> **How to complete this task**
Below is a block of records; repeat all of them exactly.

Stored items from a collection:
Start of Block

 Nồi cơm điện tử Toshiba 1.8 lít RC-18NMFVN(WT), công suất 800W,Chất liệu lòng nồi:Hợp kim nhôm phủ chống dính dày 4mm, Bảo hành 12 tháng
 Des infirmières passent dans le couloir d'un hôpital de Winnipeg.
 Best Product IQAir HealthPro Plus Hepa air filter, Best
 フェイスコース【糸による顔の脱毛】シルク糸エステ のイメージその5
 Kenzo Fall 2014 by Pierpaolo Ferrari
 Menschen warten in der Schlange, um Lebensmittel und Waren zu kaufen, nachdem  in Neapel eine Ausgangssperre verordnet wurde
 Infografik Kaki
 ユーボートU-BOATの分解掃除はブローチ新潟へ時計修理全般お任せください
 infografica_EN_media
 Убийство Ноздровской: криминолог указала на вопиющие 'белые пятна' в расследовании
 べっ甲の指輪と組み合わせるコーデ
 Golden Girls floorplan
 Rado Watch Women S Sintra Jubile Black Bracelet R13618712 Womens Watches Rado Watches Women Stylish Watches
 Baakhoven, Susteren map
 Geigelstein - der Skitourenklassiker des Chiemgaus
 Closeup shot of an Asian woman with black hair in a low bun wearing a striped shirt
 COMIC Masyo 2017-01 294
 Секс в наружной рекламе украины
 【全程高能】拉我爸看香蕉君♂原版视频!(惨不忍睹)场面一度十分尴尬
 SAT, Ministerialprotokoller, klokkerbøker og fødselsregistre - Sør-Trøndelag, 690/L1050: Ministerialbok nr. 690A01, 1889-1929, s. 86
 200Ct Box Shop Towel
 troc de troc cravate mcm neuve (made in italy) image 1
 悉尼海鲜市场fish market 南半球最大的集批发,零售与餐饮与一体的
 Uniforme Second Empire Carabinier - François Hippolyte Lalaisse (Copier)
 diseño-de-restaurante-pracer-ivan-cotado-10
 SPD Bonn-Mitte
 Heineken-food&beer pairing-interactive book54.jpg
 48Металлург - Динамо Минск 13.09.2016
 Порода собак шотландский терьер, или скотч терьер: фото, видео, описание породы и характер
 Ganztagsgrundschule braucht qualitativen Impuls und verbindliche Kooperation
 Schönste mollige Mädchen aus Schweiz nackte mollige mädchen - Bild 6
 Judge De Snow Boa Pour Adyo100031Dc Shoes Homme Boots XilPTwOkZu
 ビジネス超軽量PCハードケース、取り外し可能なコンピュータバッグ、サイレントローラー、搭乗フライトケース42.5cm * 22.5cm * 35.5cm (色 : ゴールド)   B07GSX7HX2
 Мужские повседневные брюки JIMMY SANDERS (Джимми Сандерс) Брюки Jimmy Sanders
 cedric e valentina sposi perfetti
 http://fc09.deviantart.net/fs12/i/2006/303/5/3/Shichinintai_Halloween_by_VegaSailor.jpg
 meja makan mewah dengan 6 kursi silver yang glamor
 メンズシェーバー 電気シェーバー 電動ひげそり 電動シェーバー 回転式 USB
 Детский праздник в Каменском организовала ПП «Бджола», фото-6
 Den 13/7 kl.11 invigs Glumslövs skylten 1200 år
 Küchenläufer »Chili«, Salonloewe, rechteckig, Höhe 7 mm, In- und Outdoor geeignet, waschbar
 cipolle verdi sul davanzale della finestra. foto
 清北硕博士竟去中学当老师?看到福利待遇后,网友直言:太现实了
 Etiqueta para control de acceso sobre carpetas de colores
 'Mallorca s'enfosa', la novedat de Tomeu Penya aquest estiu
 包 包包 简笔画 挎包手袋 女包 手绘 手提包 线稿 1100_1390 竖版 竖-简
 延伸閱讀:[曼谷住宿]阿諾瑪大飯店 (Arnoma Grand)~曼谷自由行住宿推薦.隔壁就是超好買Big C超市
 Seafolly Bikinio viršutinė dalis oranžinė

End of Block

> **Task answer**
 Nồi cơm điện tử Toshiba 1.8 lít RC-18NMFVN(WT), công suất 800W,Chất liệu lòng nồi:Hợp kim nhôm phủ chống dính dày 4mm, Bảo hành 12 tháng
 Des infirmières passent dans le couloir d'un hôpital de Winnipeg.
 Best Product IQAir HealthPro Plus Hepa air filter, Best
 フェイスコース【糸による顔の脱毛】シルク糸エステ のイメージその5
 Kenzo Fall 2014 by Pierpaolo Ferrari
 Menschen warten in der Schlange, um Lebensmittel und Waren zu kaufen, nachdem  in Neapel eine Ausgangssperre verordnet wurde
 Infografik Kaki
 ユーボートU-BOATの分解掃除はブローチ新潟へ時計修理全般お任せください
 infografica_EN_media
 Убийство Ноздровской: криминолог указала на вопиющие 'белые пятна' в расследовании
 べっ甲の指輪と組み合わせるコーデ
 Golden Girls floorplan
 Rado Watch Women S Sintra Jubile Black Bracelet R13618712 Womens Watches Rado Watches Women Stylish Watches
 Baakhoven, Susteren map
 Geigelstein - der Skitourenklassiker des Chiemgaus
 Closeup shot of an Asian woman with black hair in a low bun wearing a striped shirt
 COMIC Masyo 2017-01 294
 Секс в наружной рекламе украины
 【全程高能】拉我爸看香蕉君♂原版视频!(惨不忍睹)场面一度十分尴尬
 SAT, Ministerialprotokoller, klokkerbøker og fødselsregistre - Sør-Trøndelag, 690/L1050: Ministerialbok nr. 690A01, 1889-1929, s. 86
 200Ct Box Shop Towel
 troc de troc cravate mcm neuve (made in italy) image 1
 悉尼海鲜市场fish market 南半球最大的集批发,零售与餐饮与一体的
 Uniforme Second Empire Carabinier - François Hippolyte Lalaisse (Copier)
 diseño-de-restaurante-pracer-ivan-cotado-10
 SPD Bonn-Mitte
 Heineken-food&beer pairing-interactive book54.jpg
 48Металлург - Динамо Минск 13.09.2016
 Порода собак шотландский терьер, или скотч терьер: фото, видео, описание породы и характер
 Ganztagsgrundschule braucht qualitativen Impuls und verbindliche Kooperation
 Schönste mollige Mädchen aus Schweiz nackte mollige mädchen - Bild 6
 Judge De Snow Boa Pour Adyo100031Dc Shoes Homme Boots XilPTwOkZu
 ビジネス超軽量PCハードケース、取り外し可能なコンピュータバッグ、サイレントローラー、搭乗フライトケース42.5cm * 22.5cm * 35.5cm (色 : ゴールド)   B07GSX7HX2
 Мужские повседневные брюки JIMMY SANDERS (Джимми Сандерс) Брюки Jimmy Sanders
 cedric e valentina sposi perfetti
 http://fc09.deviantart.net/fs12/i/2006/303/5/3/Shichinintai_Halloween_by_VegaSailor.jpg
 meja makan mewah dengan 6 kursi silver yang glamor
 メンズシェーバー 電気シェーバー 電動ひげそり 電動シェーバー 回転式 USB
 Детский праздник в Каменском организовала ПП «Бджола», фото-6
 Den 13/7 kl.11 invigs Glumslövs skylten 1200 år
 Küchenläufer »Chili«, Salonloewe, rechteckig, Höhe 7 mm, In- und Outdoor geeignet, waschbar
 cipolle verdi sul davanzale della finestra. foto
 清北硕博士竟去中学当老师?看到福利待遇后,网友直言:太现实了
 Etiqueta para control de acceso sobre carpetas de colores
 'Mallorca s'enfosa', la novedat de Tomeu Penya aquest estiu
 包 包包 简笔画 挎包手袋 女包 手绘 手提包 线稿 1100_1390 竖版 竖-简
 延伸閱讀:[曼谷住宿]阿諾瑪大飯店 (Arnoma Grand)~曼谷自由行住宿推薦.隔壁就是超好買Big C超市
 Seafolly Bikinio viršutinė dalis oranžinė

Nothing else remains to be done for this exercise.